@Charlie, Re: Innovation?
I saw this and thought "Nokia" too. Both from Windows Phone, and the Harmattan/Swipe UI of the N9 and the new Asha phones.
The slide-in control panes, on-off toggles, messaging UI, and the toolbar controls are straight out of Nokia's Harmattan/Belle/Asha UI, which stem from the Harmattan UI of 2011's N9. The rest is remarkably like WebOS. Incidentally, there's a theme here: Peter Skillman, once lead designer of WebOS, now works at Nokia and did the lead design on N9 and the Asha 501.
Icon design is an improvement, but I think the use of layout grids looks neat, but will make the icon shapes too regular and indistinct from each other (think of how tiring it is to read those typefaces that are constructed on rigid gridforms). I also think that Apple have missed a trick by not using key colours to subtly bind core apps together into function groups, as Nokia do (reference: http://www.developer.nokia.com/Resources/Library/Asha_UI/#!style/colour.html ).

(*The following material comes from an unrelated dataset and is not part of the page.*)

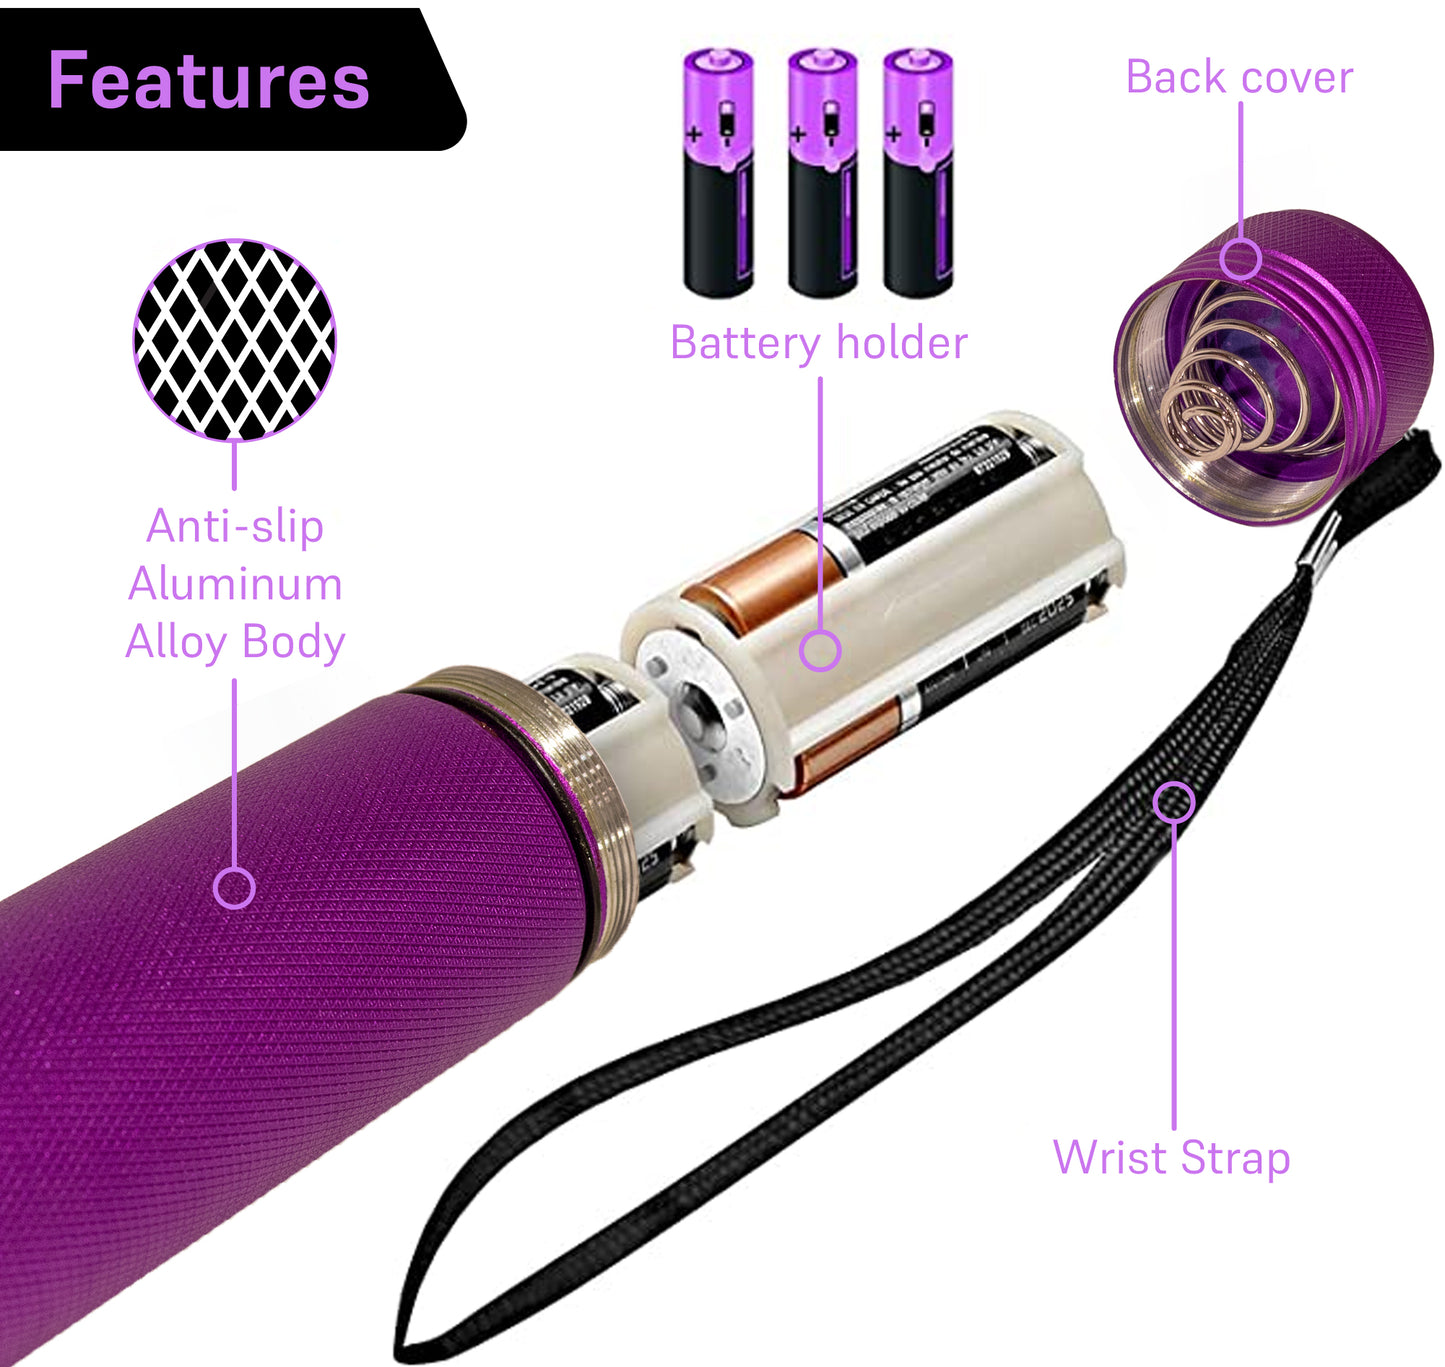 100 LED UV Ultra-Bright Blacklight Flashlight 18W 385-395nm - Purple

The problem with this kind of icon design for third-party app devs is that it's deceptively difficult to do. A bit of photoshop monkeying can hide a poorly drawn design with surface treatment and patterning, but a flat, typographical UI exposes bad draughtsmanship mercilessly. Windows Phone suffers from this, and now Apple are putting their devs in the same boat. I foresee an uptick in sales of Adobe Illustrator... ;)
Also, looking at the icons in this UI particularly, I suspect Jonathan Ive may have some level of colour-blindnes - like his other work, it uses "colour" as a decorative element (and it works well in the selected icon highlight), but there appears to be little thought given to colour harmony: the icon colours are bright, but they clash with each other. On his hardware designs, there was only ever one bright accent colour, and I think he should have stuck to this for the icon sets.

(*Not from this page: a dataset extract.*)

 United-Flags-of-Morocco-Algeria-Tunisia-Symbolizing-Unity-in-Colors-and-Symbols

So, who else contributed? Well, I think they lifted the most of the new phone UI from Microsoft, the task-switch UI from WebOS, and the use of a single UI "mood" colour (and drawing it from the wallpaper image) is from Jolla's "Sailfish" OS. I don't see much Android in there, tbh: what there is that's similar is just stuff that was lifted by both Apple and Google from WebOS. Imitation, flattery, etc.
Oh, and the use of Helvetica Light for black-on-bright text is a usability mistake. It looks "clean and sharp" if you've 20/20 vision, but if you don't, or if you suffer from any degree of astigmatism, the legibility degrades badly due to halation (glowing) of the surrounding white areas obscuring the letter strokes. Windows Phone does use thin type, but predominantly as light-on-dark, where halation "thickens" the strokes, improving legibility. (An example of this phenomenon, known since the late 1950s: UK road signage uses a heavier weight of type for white-backed signage than for the green or blue signs to reduce this effect).
Tab UI for Safari is nice, and as far as I can see is the only new bit of UI in the whole mashup. However, at least the iPhone's UI matches the device now.